EXERCISE BRIEF. Please restate the listing word for word, omitting the images.

[SOURCE MATERIAL Boundary: Start]

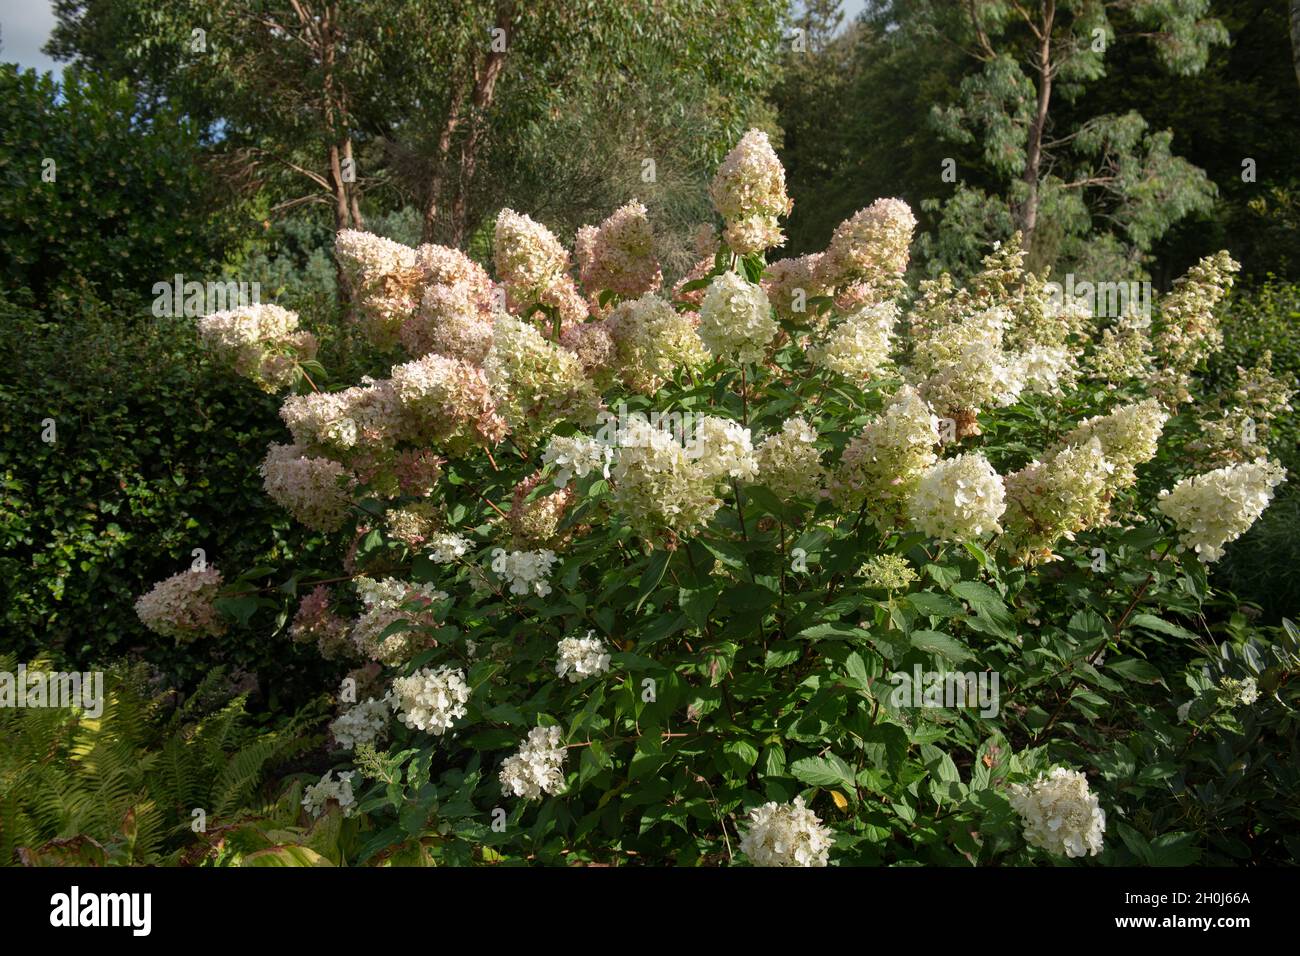 Autumnal Landscape of the Fading Cream Flower Heads on a Panicled Hydrangea Shrub (Hydrangea paniculata 'White Moth') Growing in a Garden Stock Photo
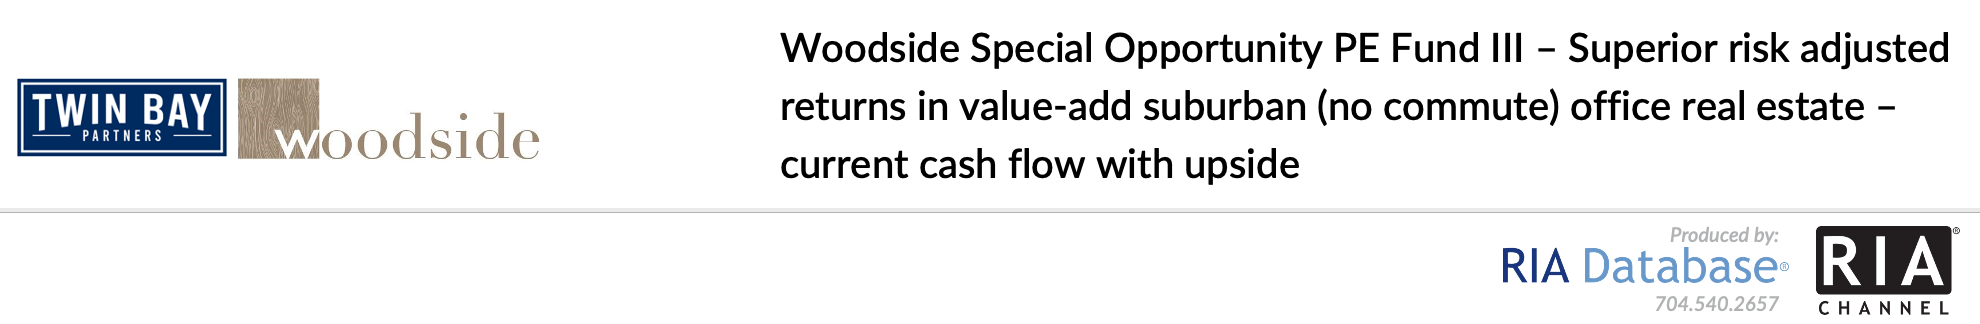 Woodside Special Opportunity PE Fund III - Superior risk adjusted returns in value-add suburban (no commute) office real estate – current cash flow with upside
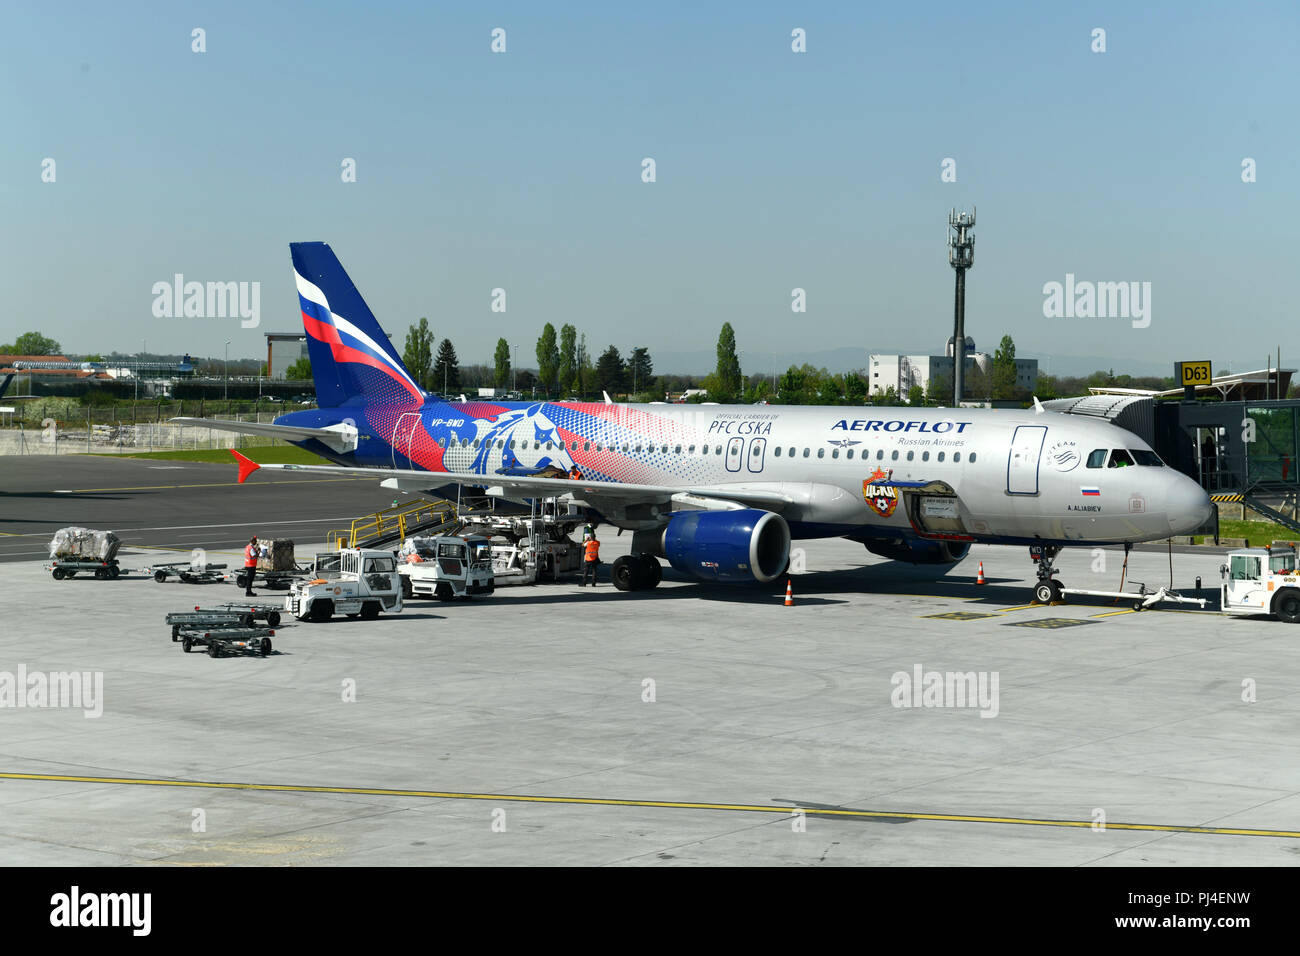 Colombier-Saugnieu (south-eastern France). 2018/04/19. Lyon Saint-Exupery Airport.  Airbus A320-214 on the tarmac, plane belonging to Aeroflot - Russi Stock Photo

[SOURCE MATERIAL Boundary: End]

EXERCISE RESULT.
 Autumnal Landscape of the Fading Cream Flower Heads on a Panicled Hydrangea Shrub (Hydrangea paniculata 'White Moth') Growing in a Garden Stock Photo
 Woodside Special Opportunity PE Fund III - Superior risk adjusted returns in value-add suburban (no commute) office real estate – current cash flow with upside
 Colombier-Saugnieu (south-eastern France). 2018/04/19. Lyon Saint-Exupery Airport.  Airbus A320-214 on the tarmac, plane belonging to Aeroflot - Russi Stock Photo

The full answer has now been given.